The joy with questions, implicit or otherwise, is that once we become aware of their power we can begin to re-construct them to work in our favour. We can do this by becoming aware of the questions we are working from first and then constructing better more useful ones. "How do I be a writer without making myself or anyone else uncomfortable" might become "How do I share what's most unique about me as a writer with an audience who'd be deeply grateful to hear it?" I for one would much rather read a book written from a writer working from the latter perspective as opposed to the former.

Developing better questions for every stage in your career and following their path is a challenging and creative process. It requires self-awareness, tackling our old ways of seeing things and exploring new ones. Coaching is that process as facilitated by a trained professional in structured ways which are focused, rigorous and supportive. This type of approach to change can be defined as transformative. Advice-giving is more typically defined as an informative approach; while we receive new information, little about how we see ourselves & our own potential changes as a result. The first is harder to do by ourselves alone, which is why I coach, and the second is often easier if you know where to go (the internet is quite helpful here as to books, your network of friends, family and colleagues). Both have their place, but both serve different purposes. This transformative process is by no means exclusive to coaching and anyone can start it for themselves (or restart it) at any point by choosing to ask better questions.

So, how do we move your career forward post-pandemic?
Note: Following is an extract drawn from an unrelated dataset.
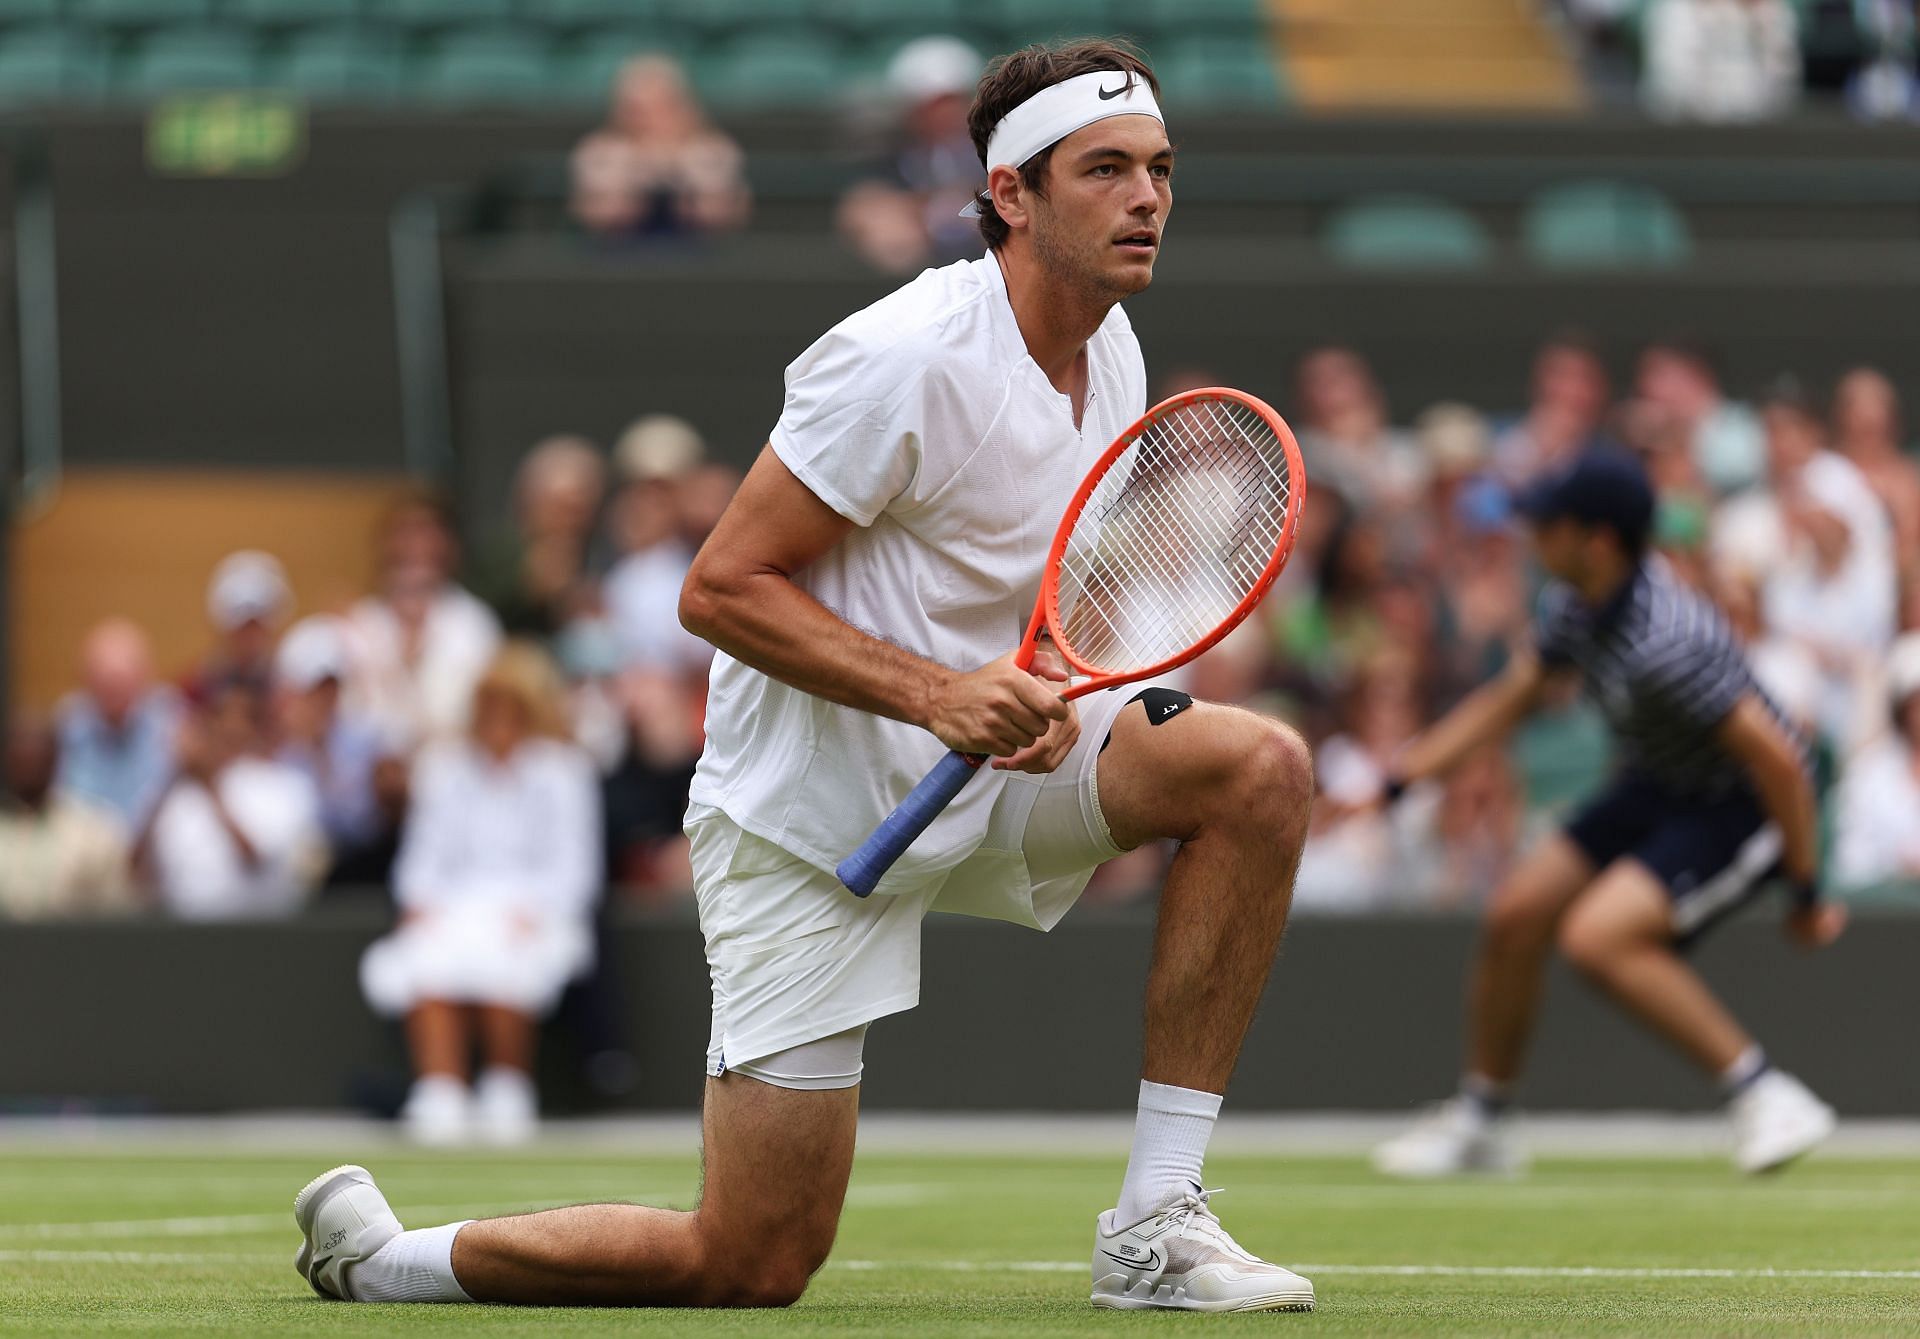 Taylor Fritz in action at the 2022 Wimbledon Championships.

We could commit time to finding an answer to this, but I wonder what you think a better question might be? One with a perspective that implies possibility, a destination which is meaningful and that feels like an explicit adventure.

What is the question you need to ask to take you to where you want to be in your career?

*Inspired by the work of Marilee C. Goldberg Ph.D in The Art of the Question and 15 months of coaching creatives through the Covid-19 pandemic.